Patrons find grounding through Energize Hot Yoga classes in Santa Rosa

For Rebecca Pennington, owner of Energize Hot Yoga in Santa Rosa, remaining calm and centered during a global pandemic, wildfires and a seemingly endless parade of adversity has been a real challenge.

In just the past year and a half, Pennington, like many gym owners and those whose business models are geared toward the indoors, has had to adjust to evolving safety protocols on the fly.

That includes limiting capacity at her Wilson Street studio to about half what it normally would be, enforcing mask rules and not renting out towels, mats and other standard yoga equipment.

Pennington, 43, has ridden a wave of emotions with each twist and turn. She was ebullient when class attendance shot up after vaccines became available, only to crater again when the rollout stalled.

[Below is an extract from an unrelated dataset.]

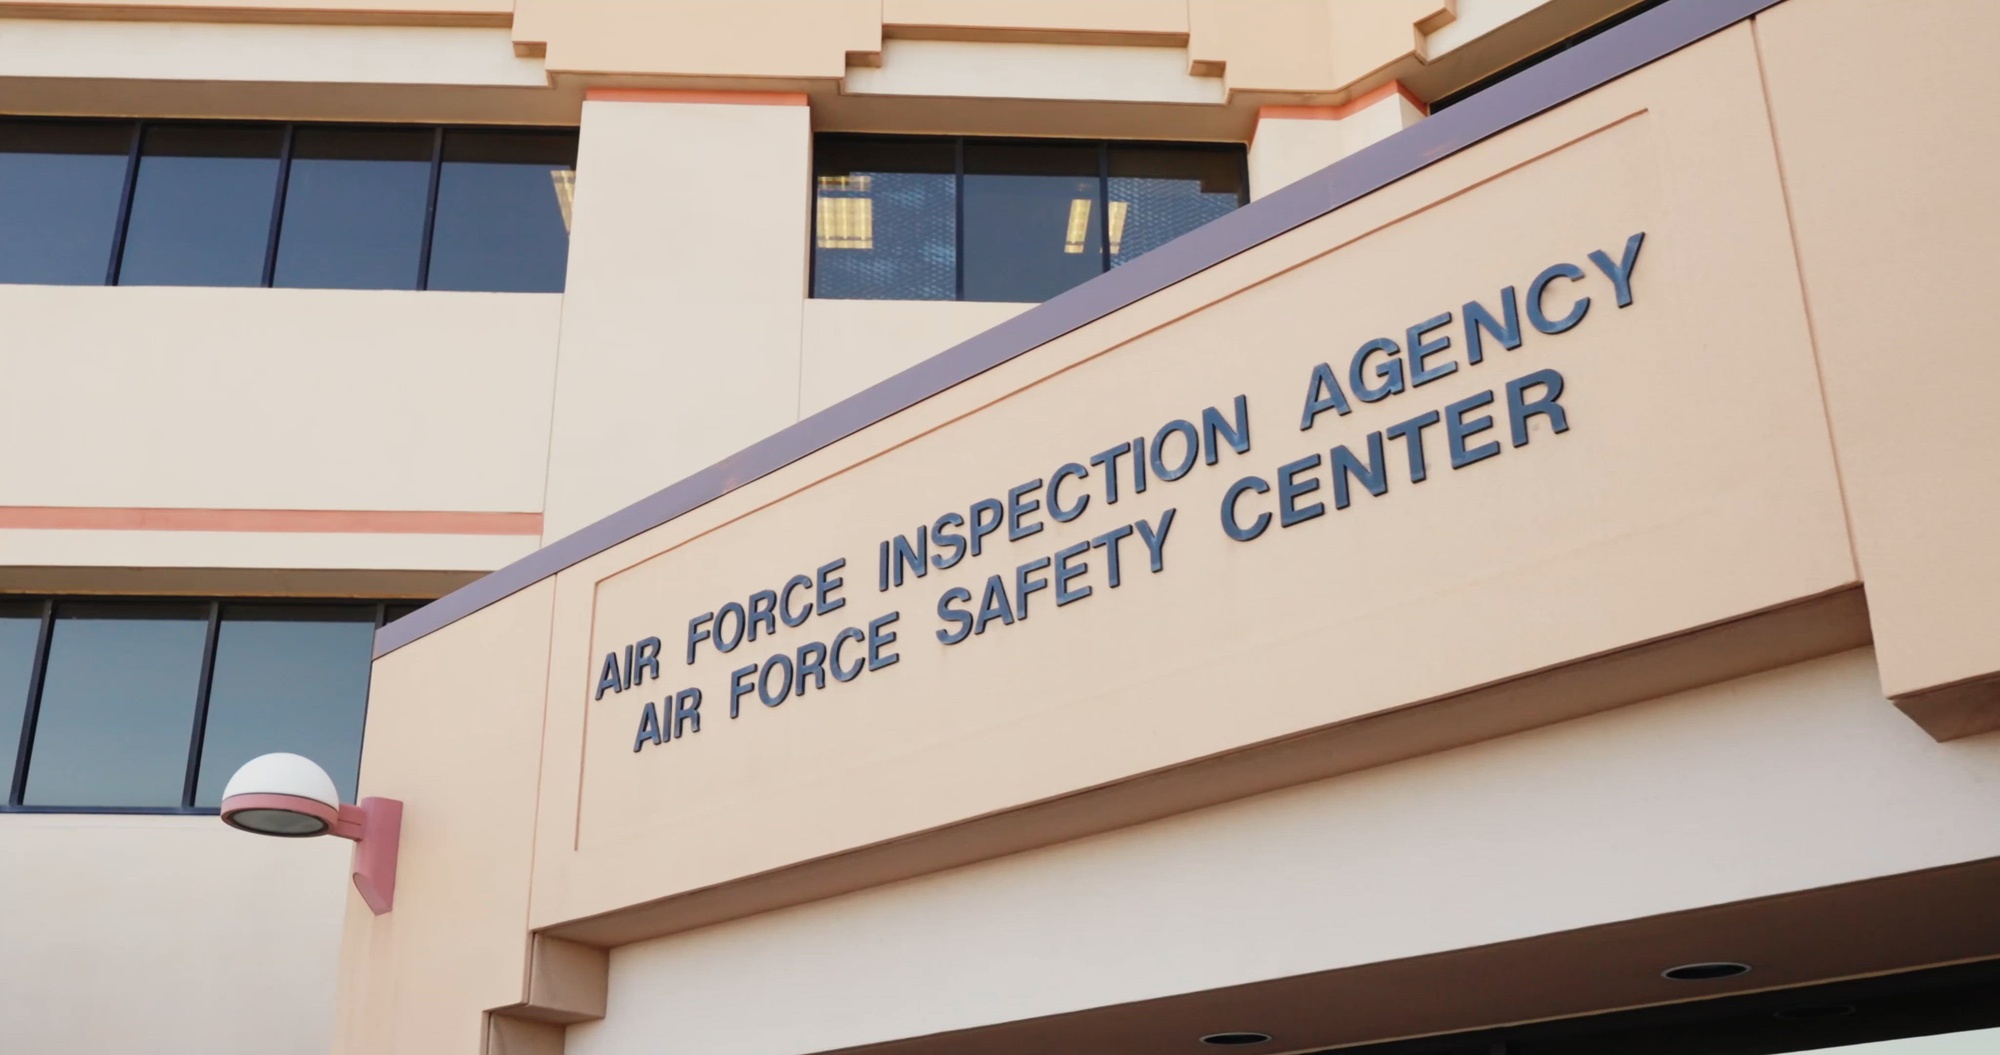 Mission video for the Air Force Safety Center, where we safeguard Airmen and Guardians and protect resources while enabling mission success.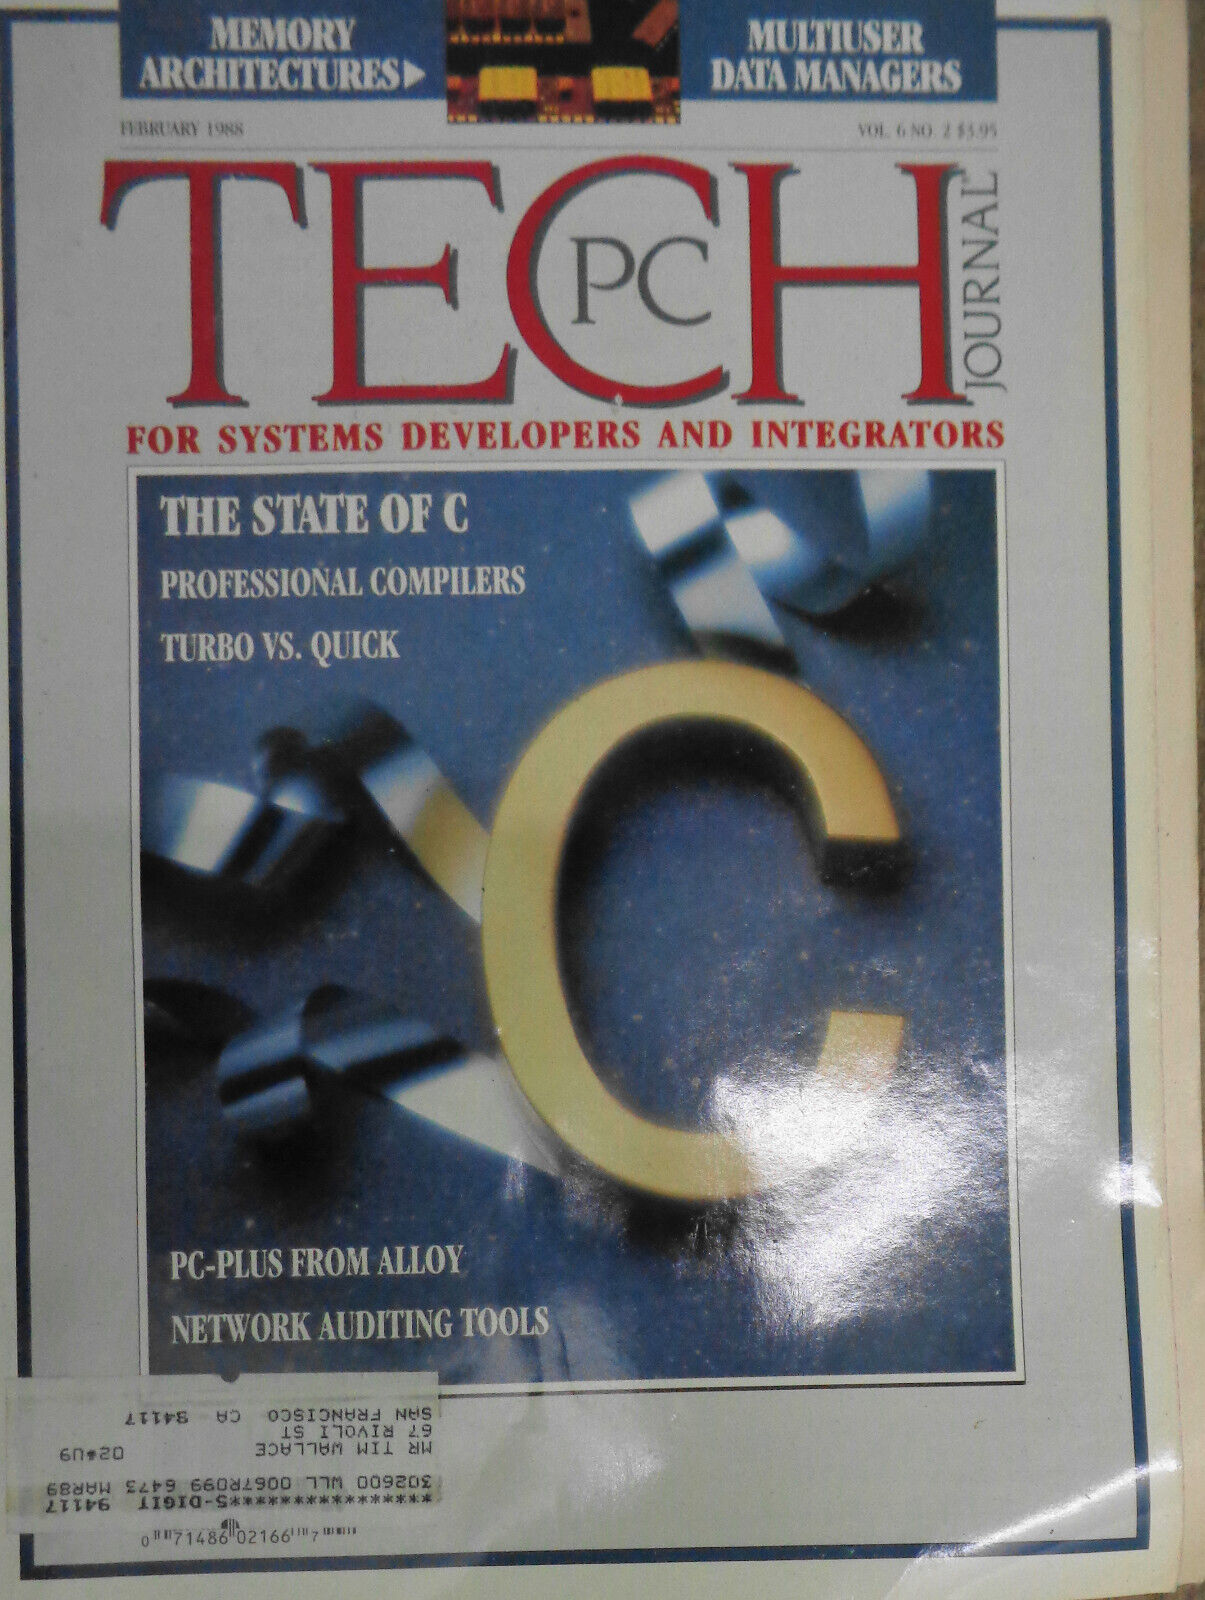 PC Tech Journal, February 1988 -- The State of C; Profreeional Compilers, etc

Pennington eagerly put in a ton of work when outdoor classes seemed a viable option.

“But then the fires hit, and it was like ‘Oh my gosh, dude.’ I got pretty bitter for about two months, ”she said.

And yet, through wildfire smoke and the pandemic, the studio is still meeting its core mission: helping people feel safer and saner in what can feel like a crazy, out-of-control world.

“Now more than ever, people are seeking out yoga for stress relief, to find calmness and grounding,” Pennington said.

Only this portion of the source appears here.